**About this exercise:** Reply with one number only: the count of lines below that contain the word "информация".
Material for this exercise Start Marker
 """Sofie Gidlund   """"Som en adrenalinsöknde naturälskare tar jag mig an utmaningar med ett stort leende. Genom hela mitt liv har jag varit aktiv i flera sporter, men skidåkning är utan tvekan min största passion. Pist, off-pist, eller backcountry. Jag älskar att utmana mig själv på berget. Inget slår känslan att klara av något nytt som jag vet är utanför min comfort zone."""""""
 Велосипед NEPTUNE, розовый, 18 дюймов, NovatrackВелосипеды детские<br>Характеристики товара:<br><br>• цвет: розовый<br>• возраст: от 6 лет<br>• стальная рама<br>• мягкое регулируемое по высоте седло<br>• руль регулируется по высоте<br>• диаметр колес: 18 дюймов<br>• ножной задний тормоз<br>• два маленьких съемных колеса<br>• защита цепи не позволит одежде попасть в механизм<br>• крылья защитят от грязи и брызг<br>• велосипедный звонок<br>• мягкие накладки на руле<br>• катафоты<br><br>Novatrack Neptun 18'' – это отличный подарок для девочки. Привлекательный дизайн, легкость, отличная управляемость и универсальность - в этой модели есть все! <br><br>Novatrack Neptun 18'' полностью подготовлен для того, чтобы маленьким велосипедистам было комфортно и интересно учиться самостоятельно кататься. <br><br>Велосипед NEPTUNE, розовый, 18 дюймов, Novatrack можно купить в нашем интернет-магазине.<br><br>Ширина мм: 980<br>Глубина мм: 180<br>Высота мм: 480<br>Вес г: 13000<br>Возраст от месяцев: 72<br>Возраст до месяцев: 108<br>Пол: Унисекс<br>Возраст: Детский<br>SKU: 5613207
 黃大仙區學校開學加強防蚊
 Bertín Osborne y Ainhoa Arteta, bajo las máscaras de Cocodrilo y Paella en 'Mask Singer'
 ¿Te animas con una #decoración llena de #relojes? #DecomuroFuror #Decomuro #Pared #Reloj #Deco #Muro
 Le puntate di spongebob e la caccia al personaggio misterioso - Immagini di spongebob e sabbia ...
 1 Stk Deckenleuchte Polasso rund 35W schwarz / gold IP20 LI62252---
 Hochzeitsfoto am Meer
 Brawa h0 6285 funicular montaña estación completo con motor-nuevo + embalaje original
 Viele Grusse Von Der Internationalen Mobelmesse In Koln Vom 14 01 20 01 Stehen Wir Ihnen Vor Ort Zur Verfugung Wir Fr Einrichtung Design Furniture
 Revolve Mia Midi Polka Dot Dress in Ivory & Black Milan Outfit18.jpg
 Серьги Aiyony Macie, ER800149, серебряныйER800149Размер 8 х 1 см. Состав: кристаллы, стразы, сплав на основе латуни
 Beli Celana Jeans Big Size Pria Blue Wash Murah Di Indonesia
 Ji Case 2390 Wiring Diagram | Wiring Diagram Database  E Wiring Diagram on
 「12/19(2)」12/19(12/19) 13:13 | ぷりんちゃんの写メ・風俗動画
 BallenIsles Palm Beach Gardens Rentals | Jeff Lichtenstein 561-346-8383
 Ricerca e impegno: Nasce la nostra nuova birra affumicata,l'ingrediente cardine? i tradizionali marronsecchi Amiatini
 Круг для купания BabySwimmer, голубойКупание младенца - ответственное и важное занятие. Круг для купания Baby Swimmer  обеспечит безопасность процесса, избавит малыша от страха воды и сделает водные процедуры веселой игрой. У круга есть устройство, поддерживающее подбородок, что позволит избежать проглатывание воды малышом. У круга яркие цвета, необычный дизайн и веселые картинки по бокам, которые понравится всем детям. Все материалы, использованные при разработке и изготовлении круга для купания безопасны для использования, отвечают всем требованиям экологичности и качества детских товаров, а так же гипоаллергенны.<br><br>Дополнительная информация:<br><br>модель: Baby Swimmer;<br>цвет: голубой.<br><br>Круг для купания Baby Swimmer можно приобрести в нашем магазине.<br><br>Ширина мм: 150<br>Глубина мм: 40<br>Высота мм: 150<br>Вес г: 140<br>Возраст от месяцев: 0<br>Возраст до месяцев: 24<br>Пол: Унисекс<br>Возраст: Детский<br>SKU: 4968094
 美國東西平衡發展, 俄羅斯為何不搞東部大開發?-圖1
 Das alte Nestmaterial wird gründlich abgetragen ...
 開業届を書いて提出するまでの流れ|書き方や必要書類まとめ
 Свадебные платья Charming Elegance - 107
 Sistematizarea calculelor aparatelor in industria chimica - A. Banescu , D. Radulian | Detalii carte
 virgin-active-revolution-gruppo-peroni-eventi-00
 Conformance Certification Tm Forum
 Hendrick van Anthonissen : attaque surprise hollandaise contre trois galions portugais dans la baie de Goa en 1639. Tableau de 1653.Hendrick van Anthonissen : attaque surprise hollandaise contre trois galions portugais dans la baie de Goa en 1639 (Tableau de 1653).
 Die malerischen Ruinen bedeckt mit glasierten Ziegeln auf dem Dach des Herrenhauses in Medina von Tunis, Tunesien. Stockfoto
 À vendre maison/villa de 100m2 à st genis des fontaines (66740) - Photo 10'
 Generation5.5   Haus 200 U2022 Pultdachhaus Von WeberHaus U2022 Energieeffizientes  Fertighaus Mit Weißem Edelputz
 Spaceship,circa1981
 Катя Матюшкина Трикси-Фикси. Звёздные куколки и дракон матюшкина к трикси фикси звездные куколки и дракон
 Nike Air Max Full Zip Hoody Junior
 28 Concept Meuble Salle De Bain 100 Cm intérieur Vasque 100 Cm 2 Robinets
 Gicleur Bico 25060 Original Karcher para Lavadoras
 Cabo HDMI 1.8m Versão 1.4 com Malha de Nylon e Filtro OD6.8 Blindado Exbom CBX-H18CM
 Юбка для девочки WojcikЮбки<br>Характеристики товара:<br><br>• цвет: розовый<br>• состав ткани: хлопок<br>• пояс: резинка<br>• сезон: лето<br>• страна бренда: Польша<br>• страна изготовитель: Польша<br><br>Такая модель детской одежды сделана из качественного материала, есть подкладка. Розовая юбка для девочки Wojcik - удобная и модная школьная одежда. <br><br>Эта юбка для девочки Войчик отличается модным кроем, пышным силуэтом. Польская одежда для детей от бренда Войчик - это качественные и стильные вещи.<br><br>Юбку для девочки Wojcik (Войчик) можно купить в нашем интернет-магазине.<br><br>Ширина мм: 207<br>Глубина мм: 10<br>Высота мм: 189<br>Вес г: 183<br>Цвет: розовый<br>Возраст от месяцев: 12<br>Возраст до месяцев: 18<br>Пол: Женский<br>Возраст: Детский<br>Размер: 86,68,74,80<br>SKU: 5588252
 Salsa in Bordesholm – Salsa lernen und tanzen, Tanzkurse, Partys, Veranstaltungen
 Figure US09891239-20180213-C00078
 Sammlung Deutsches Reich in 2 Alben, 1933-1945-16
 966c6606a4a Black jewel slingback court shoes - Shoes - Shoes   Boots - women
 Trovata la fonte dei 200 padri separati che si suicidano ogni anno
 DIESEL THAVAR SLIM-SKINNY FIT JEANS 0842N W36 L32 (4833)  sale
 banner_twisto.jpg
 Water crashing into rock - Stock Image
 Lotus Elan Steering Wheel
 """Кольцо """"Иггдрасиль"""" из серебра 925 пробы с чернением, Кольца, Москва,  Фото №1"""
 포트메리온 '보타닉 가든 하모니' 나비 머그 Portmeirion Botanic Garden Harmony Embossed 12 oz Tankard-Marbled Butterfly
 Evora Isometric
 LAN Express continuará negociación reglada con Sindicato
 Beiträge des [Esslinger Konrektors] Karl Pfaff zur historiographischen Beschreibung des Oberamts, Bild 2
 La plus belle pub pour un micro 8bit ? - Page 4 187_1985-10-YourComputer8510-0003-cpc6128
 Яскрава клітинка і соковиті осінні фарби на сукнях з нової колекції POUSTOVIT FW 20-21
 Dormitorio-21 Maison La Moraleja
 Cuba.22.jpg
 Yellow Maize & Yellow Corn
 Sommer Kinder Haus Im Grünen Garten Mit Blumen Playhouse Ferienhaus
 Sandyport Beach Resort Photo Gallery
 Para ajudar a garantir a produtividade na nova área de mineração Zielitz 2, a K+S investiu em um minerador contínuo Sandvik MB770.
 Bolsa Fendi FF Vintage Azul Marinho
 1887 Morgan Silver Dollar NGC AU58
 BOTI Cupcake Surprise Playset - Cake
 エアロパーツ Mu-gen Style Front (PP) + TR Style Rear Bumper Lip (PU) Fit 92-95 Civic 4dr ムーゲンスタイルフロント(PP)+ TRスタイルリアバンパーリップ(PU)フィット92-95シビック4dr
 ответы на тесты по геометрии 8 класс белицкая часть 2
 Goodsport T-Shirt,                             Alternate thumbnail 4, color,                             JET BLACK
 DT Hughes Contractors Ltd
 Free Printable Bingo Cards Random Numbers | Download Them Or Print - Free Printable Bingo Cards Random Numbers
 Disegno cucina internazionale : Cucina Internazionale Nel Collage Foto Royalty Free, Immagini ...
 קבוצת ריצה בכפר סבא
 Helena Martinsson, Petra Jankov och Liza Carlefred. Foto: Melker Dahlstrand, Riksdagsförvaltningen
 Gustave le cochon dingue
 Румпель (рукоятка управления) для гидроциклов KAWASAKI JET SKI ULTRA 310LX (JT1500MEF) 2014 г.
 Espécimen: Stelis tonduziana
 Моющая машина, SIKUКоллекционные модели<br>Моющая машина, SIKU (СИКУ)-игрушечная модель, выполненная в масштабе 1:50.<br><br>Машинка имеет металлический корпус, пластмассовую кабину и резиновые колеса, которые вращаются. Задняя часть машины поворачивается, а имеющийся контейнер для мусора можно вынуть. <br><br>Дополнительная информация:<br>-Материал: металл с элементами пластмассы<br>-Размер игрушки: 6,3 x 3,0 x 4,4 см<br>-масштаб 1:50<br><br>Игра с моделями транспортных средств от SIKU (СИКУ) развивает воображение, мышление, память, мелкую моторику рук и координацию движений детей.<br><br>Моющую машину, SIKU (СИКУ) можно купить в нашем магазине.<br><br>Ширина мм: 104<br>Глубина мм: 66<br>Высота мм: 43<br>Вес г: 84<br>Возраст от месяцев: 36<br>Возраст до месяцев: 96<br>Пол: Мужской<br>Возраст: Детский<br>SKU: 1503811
Material for this exercise End Marker
**Exercise result:** 2